Утром мы отгрузили последние бочки с икрой. Очень устали и теперь нехотя отбрасывали снег с оставшихся бочек. В раскрытые ворота рыбного склада въехал грузовик. Добродушного вида шофер, в кожаной куртке на меху, выпрыгнул из кабины и спросил Валентину Мухину.
Когда я подошла, он передал мне письмо от Маргариты и попросил к четырем часам приготовить ответ, он за ним заедет.
— Плохо твоей подружке, — сказал он мне. Я засыпала его вопросами.
— В письме всё есть. А что я могу сказать? Мое счастье, что я шофер дальних рейсов, а то загнулся бы уже просто-запросто. Лесоповал — произвол полнейший, жаловаться бесполезно. Она в письме просит помочь, дурь это — чем ты можешь помочь, такая же зека? Если хлеба сможешь собрать для нее — собери, я отвезу. Они там так голодают просто-запросто.
Он уехал… Я прочла Ритино письмо, потом дала прочесть Маше, Марте и другим женщинам.
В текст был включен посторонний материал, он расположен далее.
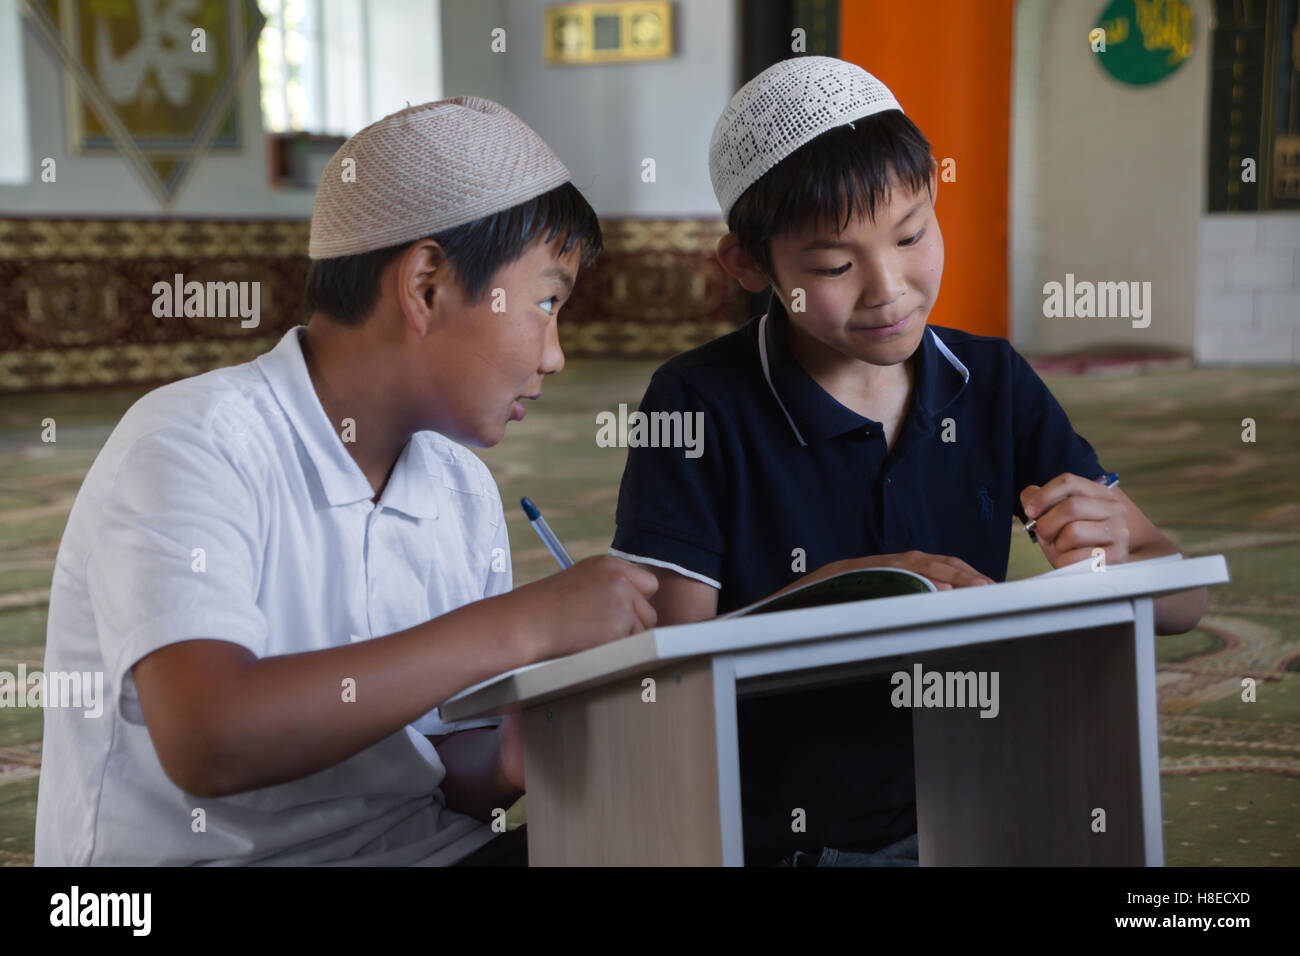 Kirghizistan - photos de garçons à l'école islamique, medressa Voyage Asie centrale - gens Banque D'Images

Они пришли в ужас.
— Воистину утопающий за соломинку хватается, — сказала Марта Яновна.
Маргарита писала о том, что работа ужасная, норму выполнить они не в силах, на работе с раннего утра до одиннадцати вечера (как мне это было знакомо!), что питание скудное, просто морят голодом. Произвол полнейший: избивают, насилуют. Какой-то кошмар!
«Правда, меня не били, — уточняла она в письме, — но я не огрызаюсь и стараюсь изо всех сил… до обморока. Вряд ли я выдержу даже месяц такого существования и не на кого мне надеяться, не у кого просить помощи, кроме тебя, Валюша, помоги мне! Ты такая умная, такая изобретательная, придумай что-нибудь.
Валя, спаси меня. Спаси!
Маргарита».
Пока женщины читали и перечитывали это письмо, я ушла в теплушку и сидела там у огня, растерянная.
Что делать? Как ей помочь?
Когда я немного пришла в себя, вся бригада собралась в теплушке. Рядом сидела Маша.
— А что, если ей посоветовать притвориться сумасшедшей? — шепнула она мне. — В психлечебнице были такие. Стас нам поможет.
— Ей нельзя в сумасшедший дом. Слишком впечатлительна! Она по правде сойдет с ума.
— Но нельзя же оставить ее в такой беде!
— Что-нибудь придумаю. Должна придумать, раз она так верит в меня.
И я стала думать. Думала день и ночь, даже когда спала, потому что, когда просыпалась, мысли были заняты проектами, один фантастичнее и нелепее другого.
Дня через два, когда я утром стояла с бригадой на разводе и, занятая лишь одной мыслью, как помочь, тупо смотрела на забор, вдруг как-то все прояснилось и я увидела, что на заборе висят штук пятнадцать ящиков почтовых и на каждом был написан прямой адресат:
1. Начальник лагеря.
2. Начальник НКВД г. Магадана.
3. Главный прокурор СССР.
И т. д. и т. д.
Но мое внимание привлекла надпись: «Начальник всех северо-восточных лагерей тов. Вишневецкий».
Резиденция начальника всех северо-восточных лагерей находилась у нас в Магадане.
Фамилия Вишневецкий вызвала у меня улыбку: однофамилец нашего саратовского Вишневецкого, у которого я во время допроса слопала пирог? История была довольно комичная, и вечером я рассказала женщинам в бараке, как это было.
Я тогда долго не подписывала протокол, то есть не желала сознаваться в несуществующей вине. Однажды привозят меня вечером на допрос, и мой следователь Александр Данилович Щенников мрачно говорит:
— Ну вот, допрыгались. Не хотели подписывать, а теперь с вами будет говорить сам Вишневецкий (заведующий отделом), он-то не будет с вами цацкаться, как я.
И вот мы в кабинете Вишневецкого.
Щенников скромно уселся в сторонке на диване, у окна — я и какой-то лейтенант, перед которым лежала пачка листов бумаги.
Любезно пригласив меня садиться, Вишневецкий затем произнес целую речь, минут на десять-пятнадцать, убеждая меня подписать злосчастный протокол. В начале его речи вошла миловидная буфетчица в переднике и кружевной наколке на кудрях и поставила перед ним большой кусок горячего пирога с мясом и бутылку крем-соды.